What is being asked –
Take the line containing "Bushman children playing" through the last line of the data and retype those lines exactly. Pictures do not belong in the copy.

Collected data –
--------------------------------

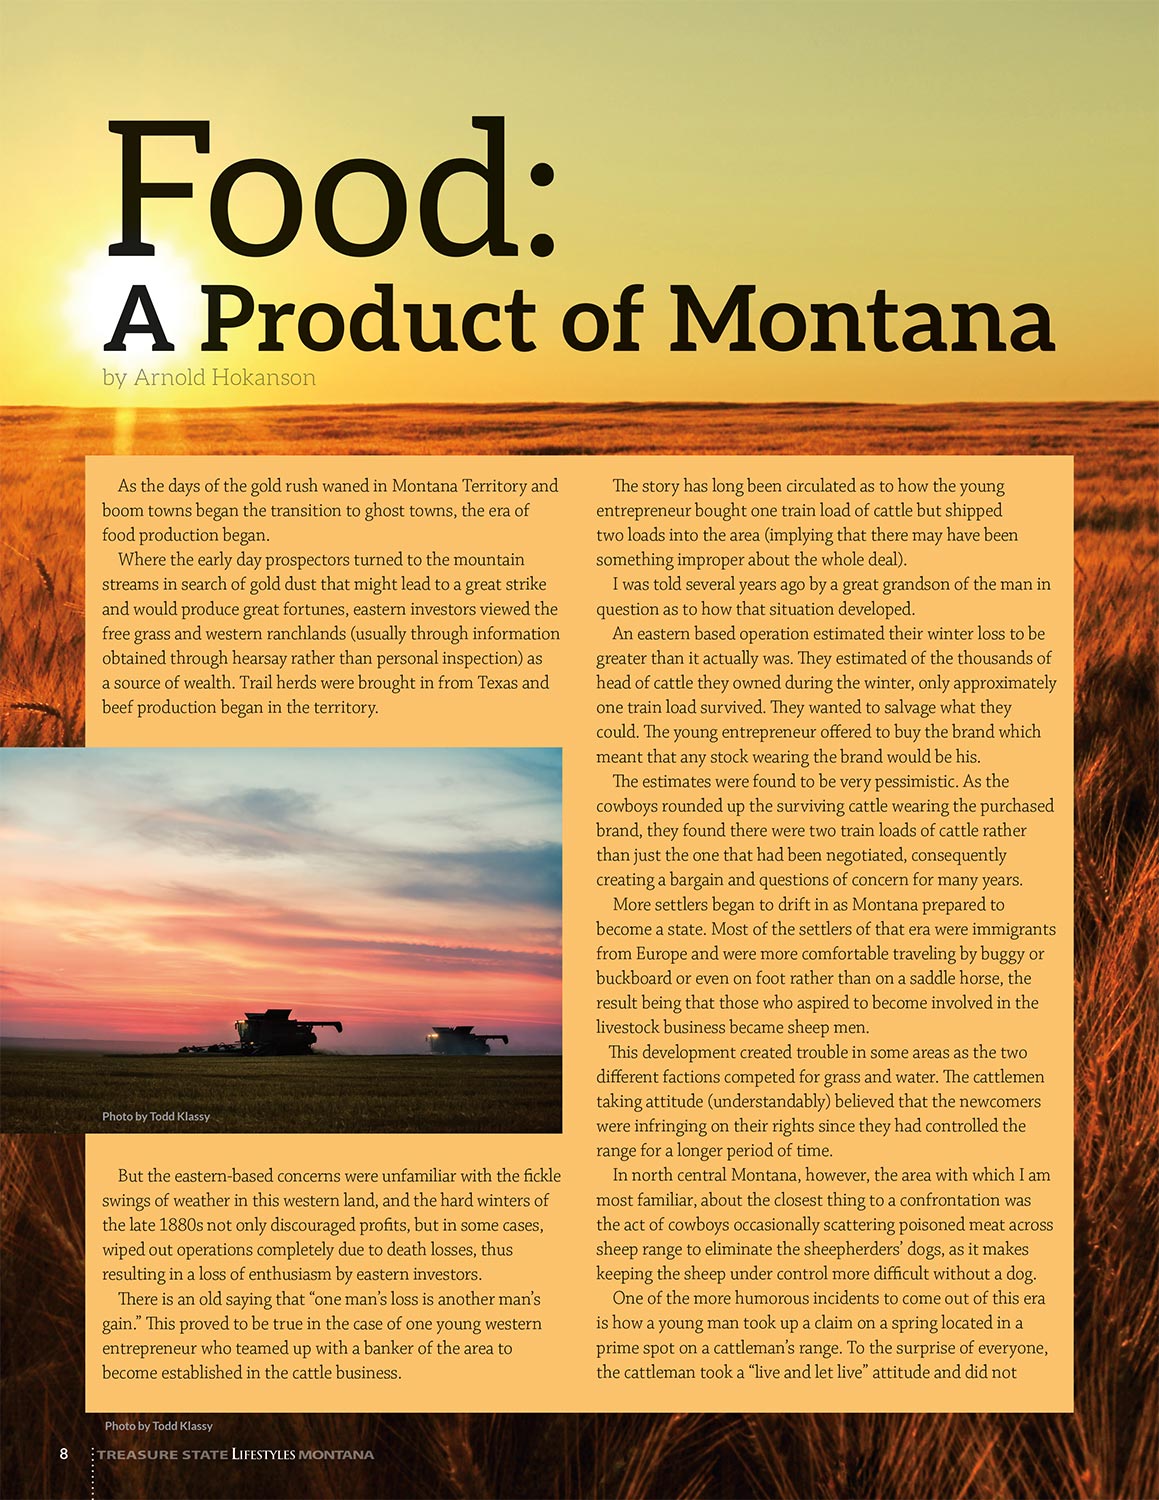 Photo of Montana Wheat Farming
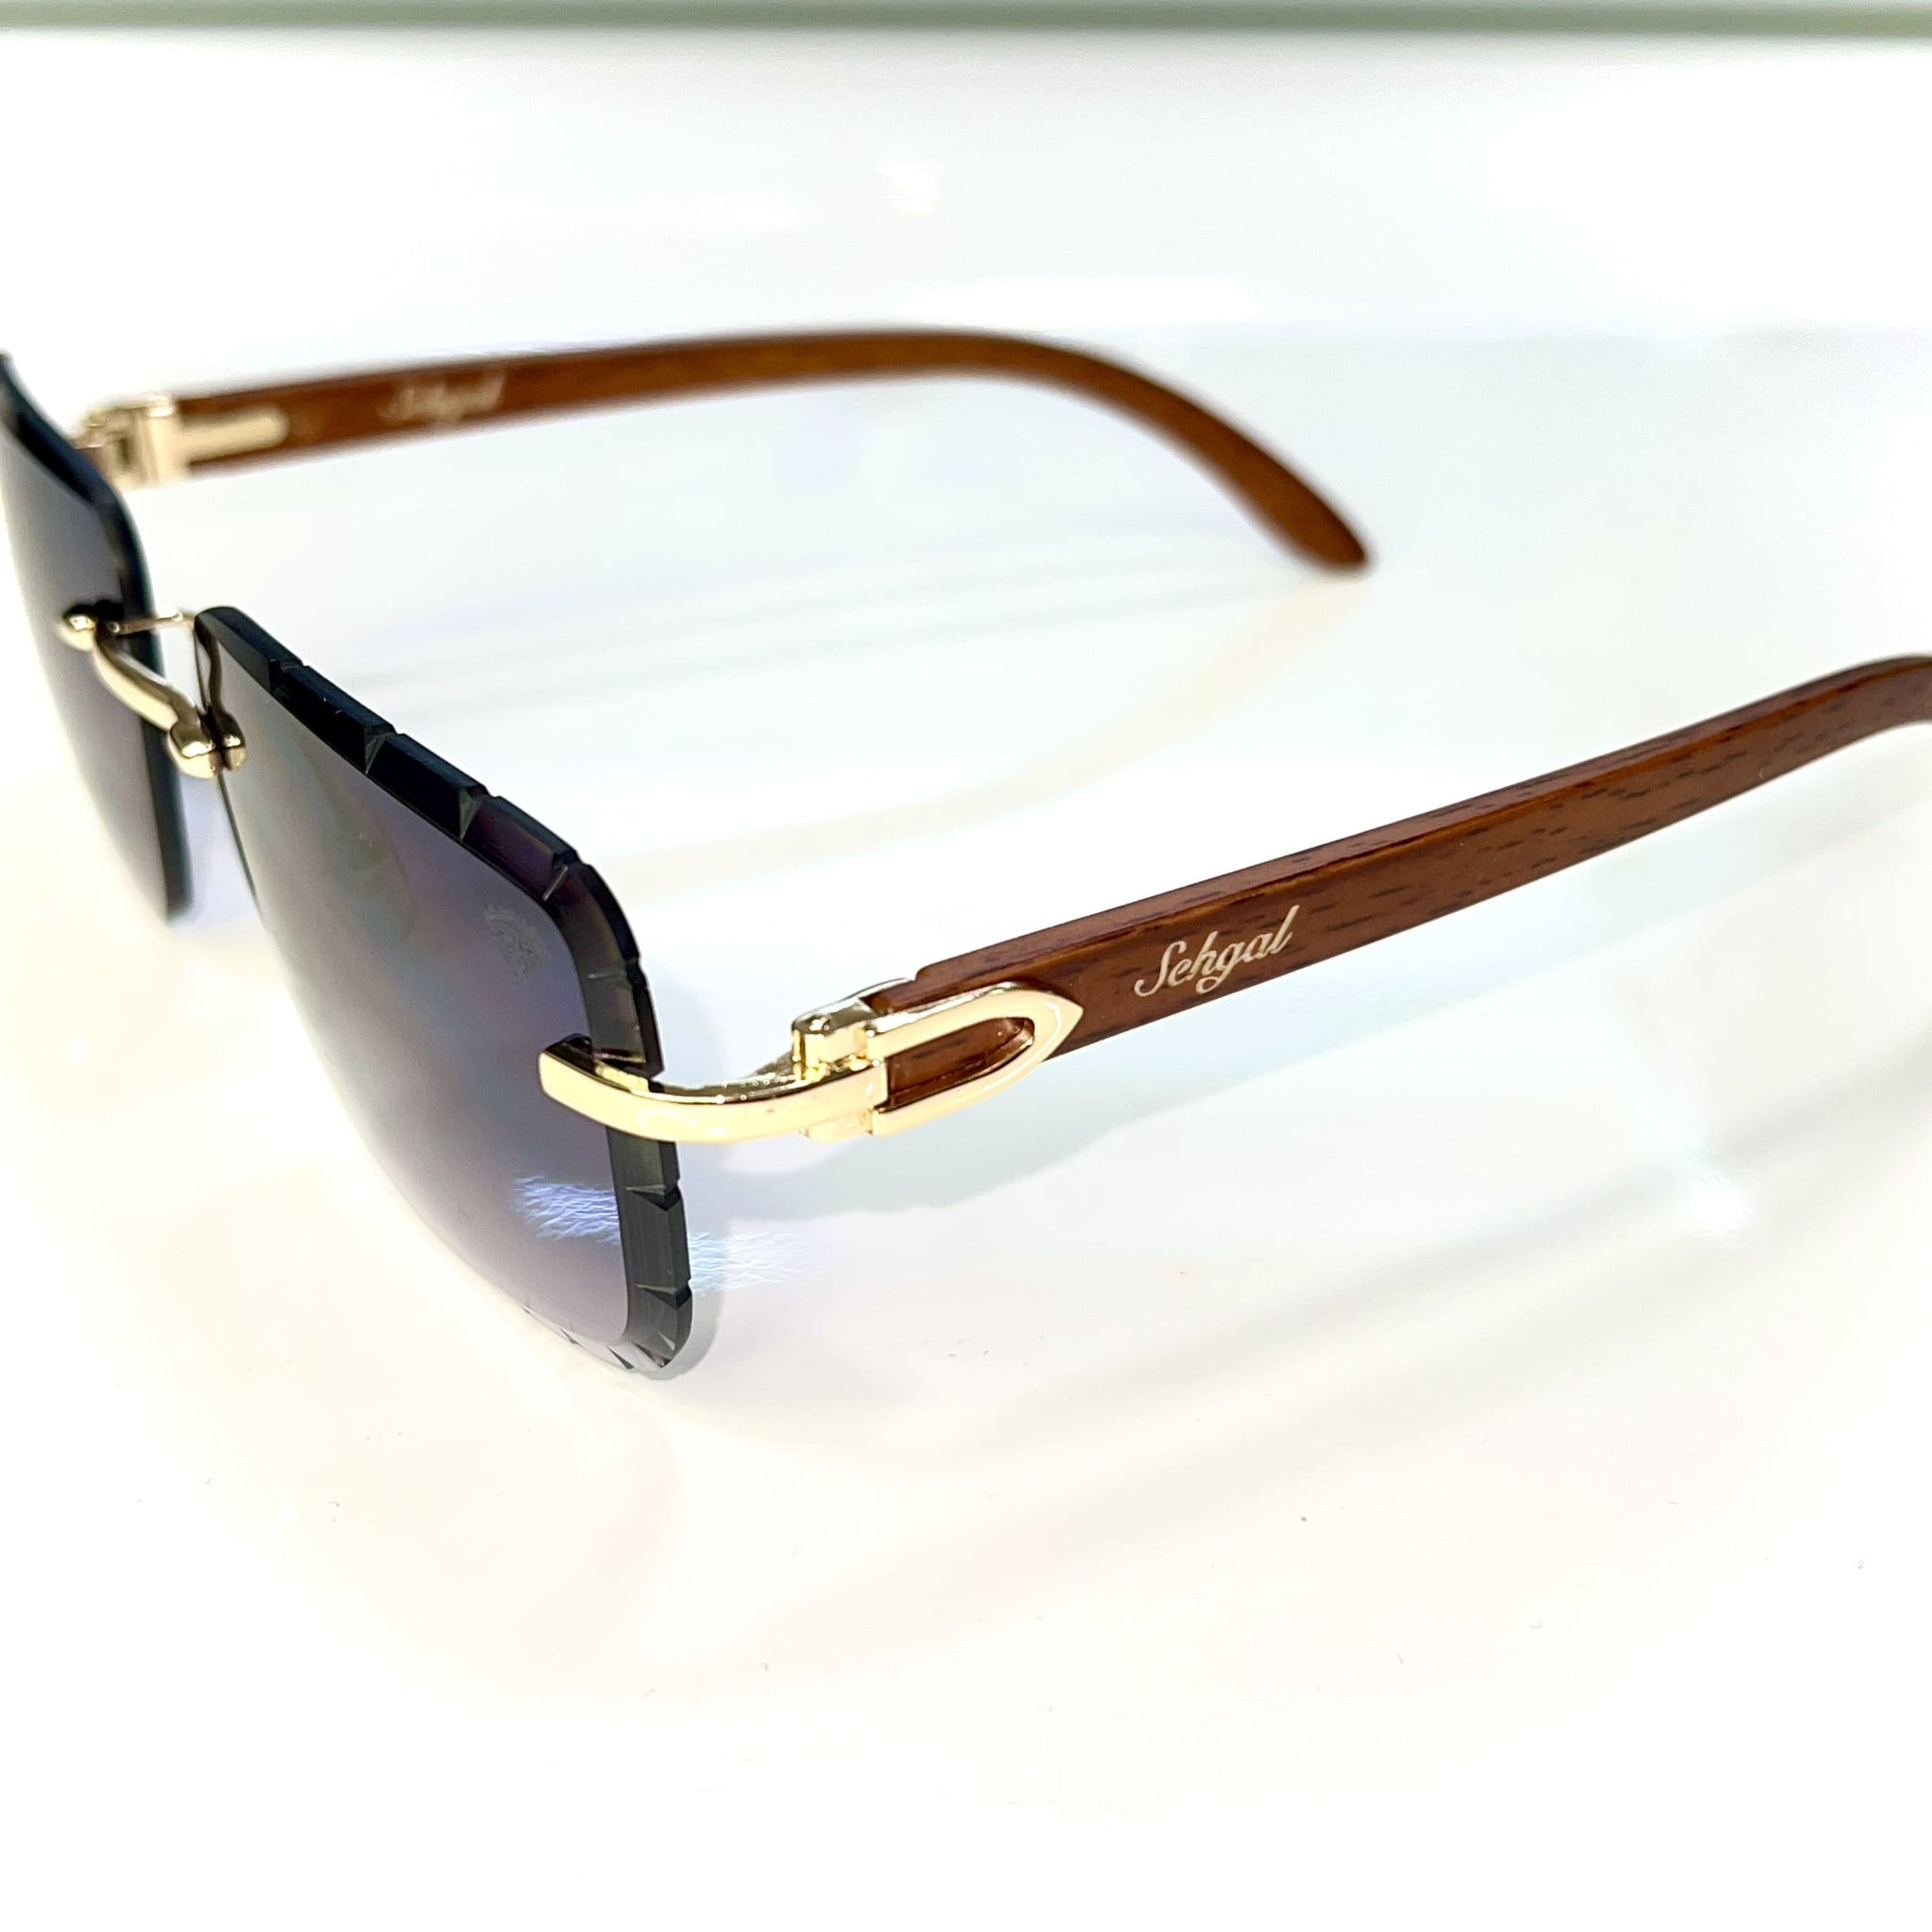 Woodcut 2.0 Glasses - Diamond cut / 14 carat gold plated / Woodgrain side - Black Shade - Sehgal Glasses
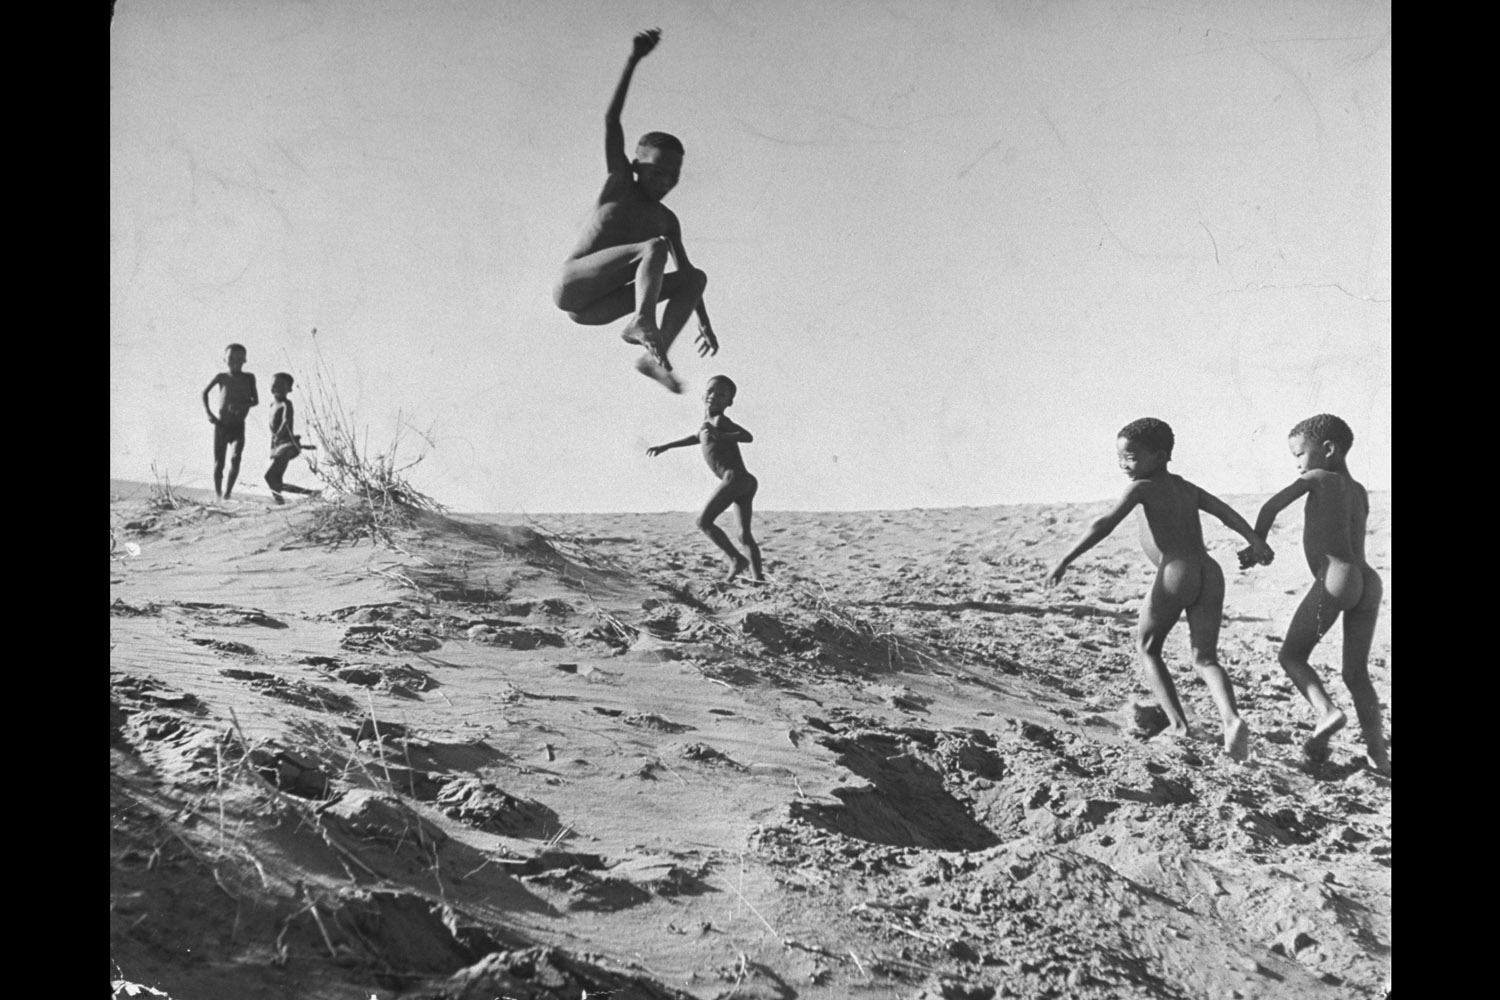 Bushman children playing games on sand dunes, 1947.
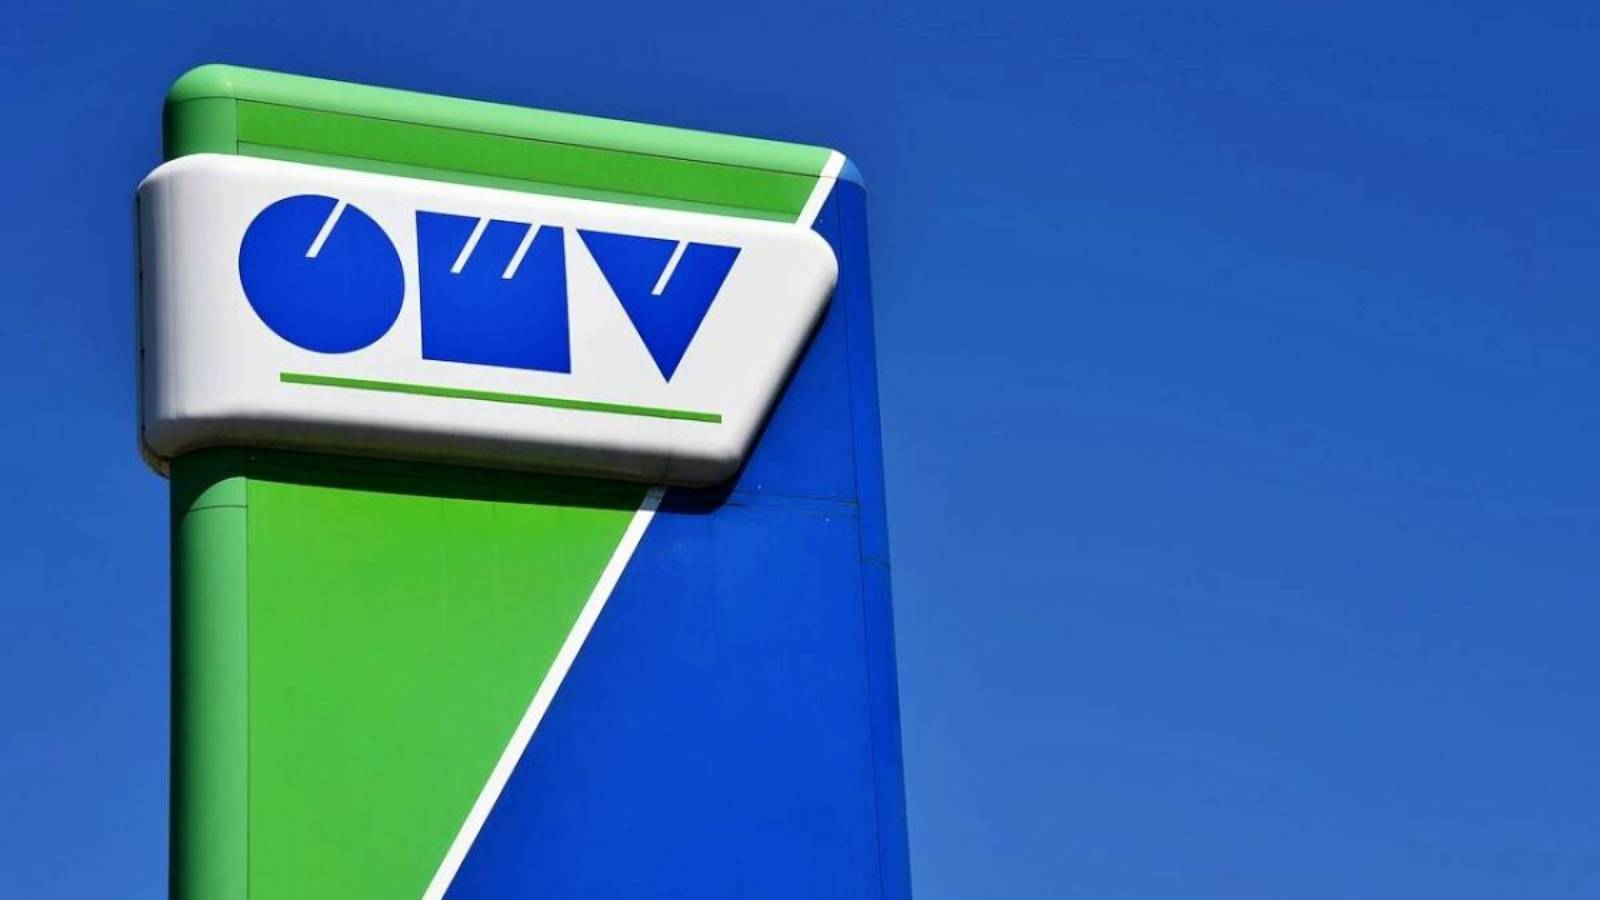 OMV 2 Distributori di benzina ufficiali GRATUITI MILIONI di rumeni

--------------------------------

Solved problem –
 Bushman children playing games on sand dunes, 1947.
 OMV 2 Distributori di benzina ufficiali GRATUITI MILIONI di rumeni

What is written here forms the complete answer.